The second night you watched a movie together, sitting together and cuddling. It may have met her needs for your attention - some conversation and affection - and maybe she was feeling a bit better physically too.

For a lot of women, the prelude and the ramp-up to sex is an entire event, not just an act. So, whether dudes want to believe it or not - what you do in the hours before sex can often make a big difference as to whether your wife will be ready for it or not. That's because for us women it can be more about how we feel emotionally, and it can be difficult to just flip a switch. You've got to learn to work the system - work her up emotionally with affection and talking and see how it goes. 

Best wishes.


----------



## strat_guy (Sep 16, 2011)

Enchantment said:


> I posted my previous reply before I saw this second post of yours.
> 
> Well, in the first case, maybe you could tell she wasn't real responsive that night - an hour of massage with no reciprocation. Yah, time to hang up your shoes - it wasn't likely to happen.
> 
> ...


Its true though we had more time to relax together so that could have made a diff and her feeling better may also have played a part. In my mind the reason I didn't stop was because i didn't want her to feel like I didn't desrire her because I really did but it just makes it hard when there is no reciprocation during the pre activities...


----------



## that_girl (Jul 6, 2011)

A camper is a great place to get it on.

Sorry you had a bad night.


----------



## strat_guy (Sep 16, 2011)

that_girl said:


> A camper is a great place to get it on.
> 
> Sorry you had a bad night.


Thanks... yes camper is a great place but only if you don't have your kids with you  that's a little too close for comfort.. depending on the layout but this one is too close


----------



## that_girl (Jul 6, 2011)

strat_guy said:


> Thanks... yes camper is a great place but only if you don't have your kids with you  that's a little too close for comfort.. depending on the layout but this one is too close


Damn kids. 



:rofl:


----------



## strat_guy (Sep 16, 2011)

hi hi what can you do eh


----------



## SadSamIAm (Oct 29, 2010)

When my wife crawls into bed naked and turns her back to me, sometimes the same thing happens. She just lays there. But if she is naked, I know what she expects.

Typically what I find works is to tease her. I rub her back for a while (maybe 10 minutes or so).

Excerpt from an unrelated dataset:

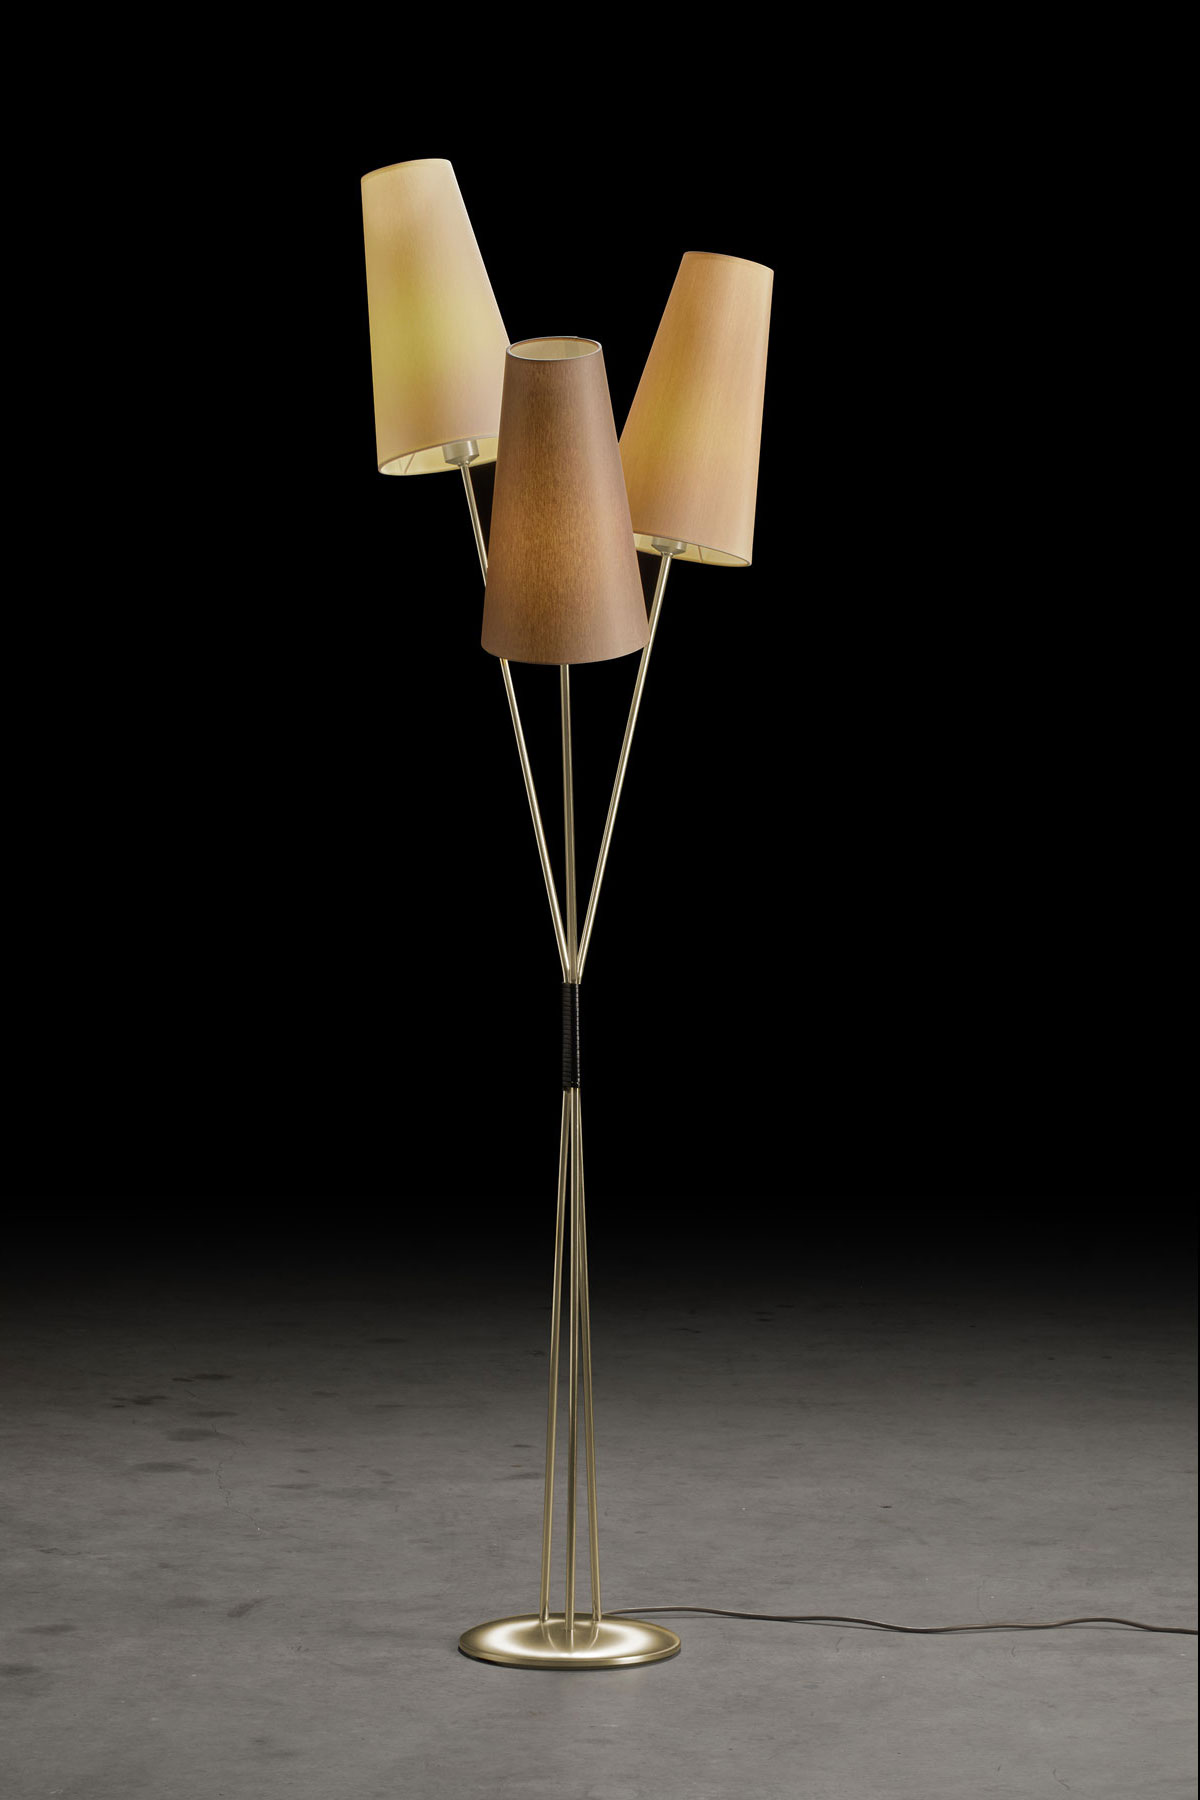 FIFTIES – Stehlampe im 50er Jahre-Look mit drei Schirmen im Bündel, viele Farben: Gestell in Messing matt, Schirme in Champagner, Sand, Taupe

After a bit, I might have my hand move around in front on her tummy and grace the underside of her breasts. I rub lower down her back to her bottom. Then her thighs, then every once in a while, I let my had grace her vajayjay. 

Just rubbing her back, doesn't get her into it, but teasingly touching her will usually get her to participate.


----------



## strat_guy (Sep 16, 2011)

SadSamIAm said:


> When my wife crawls into bed naked and turns her back to me, sometimes the same thing happens. She just lays there. But if she is naked, I know what she expects.
> 
> Typically what I find works is to tease her. I rub her back for a while (maybe 10 minutes or so). After a bit, I might have my hand move around in front on her tummy and grace the underside of her breasts. I rub lower down her back to her bottom. Then her thighs, then every once in a while, I let my had grace her vajayjay.
> 
> Just rubbing her back, doesn't get her into it, but teasingly touching her will usually get her to participate.


that makes sense... I sometimes think of that and then don't want to make it look like I want to get it done and over with... I guess a good balance of both worlds is what I should aim for in this situation.


----------



## SadSamIAm (Oct 29, 2010)

strat_guy said:


> that makes sense... I sometimes think of that and then don't want to make it look like I want to get it done and over with... I guess a good balance of both worlds is what I should aim for in this situation.


If she isn't naked, then you probably shouldn't start groping her unless she has given some indication of interest. But I say crawling into bed naked is a green light to rock her world.


----------



## turnera (Jan 22, 2010)

strat_guy said:


> so she comes in bed undressed and lays there, she likes to have her back rubbed ect at first so I do that and start rubbing her back. I do that for like almost an hour and she still doesn't move


Ok, first, stop giving one-hour back rubs. That's submissive and NOT sexy. Do it long enough to show her you're taking care of her and then move on to other things.



> So I start kissing her back and neck hoping to get her to reciprocate... nothing so I assume she still wants me to rub her back so I continue...


Huh? Why would you assume that? You need to be taking charge. You are being too female, too puppy dog in this, ok?



> After another while she gets like annoyed and says "we may as well just do it because im not getting in the mood"


Because you've been doing it WAY too long! Instead of apologizing, you should have said Great! and started moving in for the kill.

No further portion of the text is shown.